The test sends data samples to an LLM with the natural language prompt and interprets the response as pass or fail. This is genuinely useful for business rules that are hard to express in SQL — rules that involve fuzzy matching, context-dependent logic, or domain knowledge that an LLM can approximate.

The trade-offs are significant:

Non-deterministic. The same data might produce different results on different runs, depending on the LLM’s interpretation. This violates the fundamental expectation that tests are deterministic.
Cost. Each test execution incurs LLM API costs, which scale with data volume and test count.
Latency. LLM calls are orders of magnitude slower than SQL-based validation.
Opaque reasoning. When the test fails, you can’t inspect the logic the way you can with a regex or SQL expression.

AI validation is best treated as a complement to deterministic tests, not a replacement. Use it for exploratory validation — discovering rules that should eventually be encoded as SQL — or for genuinely fuzzy checks where deterministic encoding is impractical. Don’t use it as a substitute for a regex when a regex would work.

Building a Semantic Test Strategy

The practical approach to semantic validation follows a priority order:

First, structural semantics.
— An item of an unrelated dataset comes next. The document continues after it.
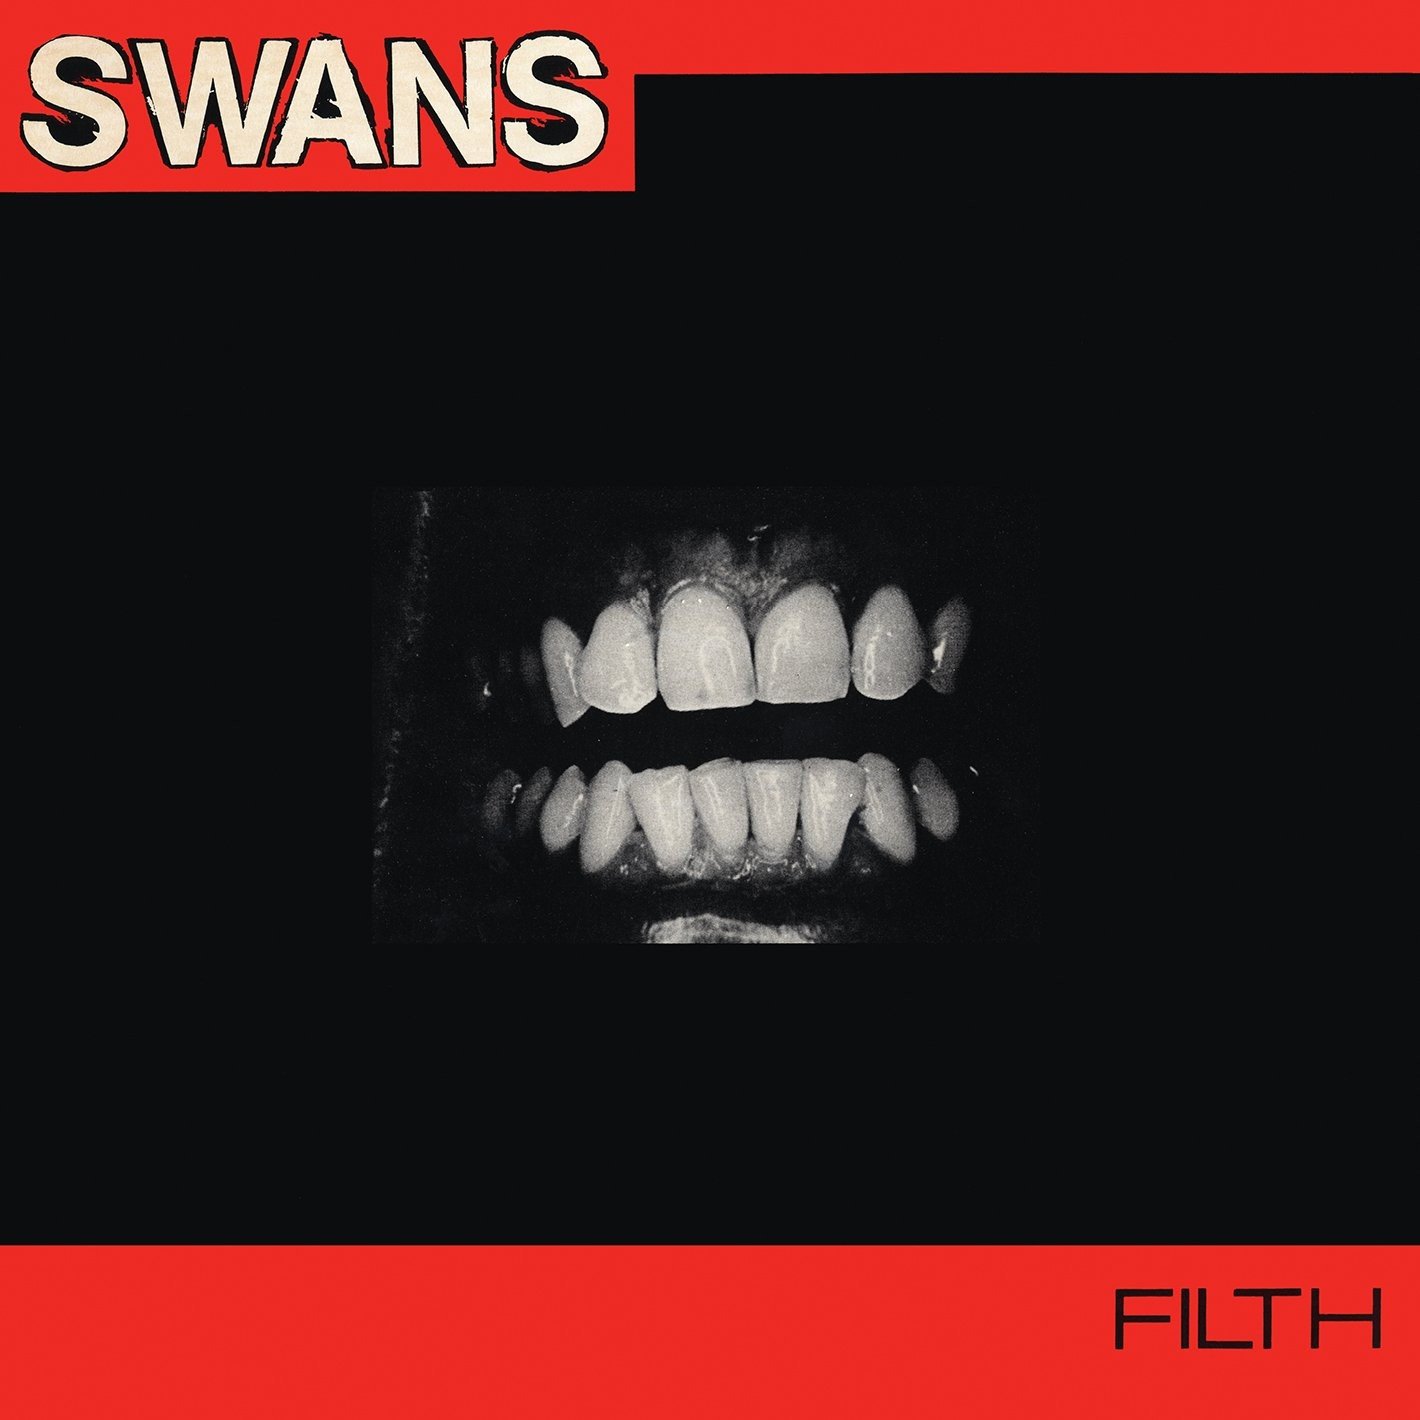 You are currently viewing Godišnjica objavljivanja albuma Filth noise-eksperimentalnog benda Swans

Primary keys, foreign keys, not-null constraints, accepted values. These are the generic tests that every model should have. They catch the most common violations with the least configuration effort.

Second, format semantics. Regex patterns for columns with known structures. Apply these to any column where invalid formats have caused downstream issues or where the source is known to produce malformed data.

Third, range semantics. Value bounds and distribution checks for numeric and date columns. Focus on columns that feed metrics, reports, or ML models where incorrect values have measurable business impact.

Fourth, relational semantics. Cross-column rules and multi-table assertions for business logic that spans fields. These require domain knowledge to define and are typically informed by past incidents.

Fifth, exploratory semantics. AI-powered validation for rules that are hard to formalize or for initial discovery of data quality patterns. Graduate validated rules to deterministic SQL tests once the pattern is confirmed.

Targeted coverage — focused on columns where a semantic violation has measurable downstream impact — is more practical than exhaustive coverage. A customer__email column feeding a marketing automation system warrants regex validation; a notes free-text column with no structured downstream use generally does not.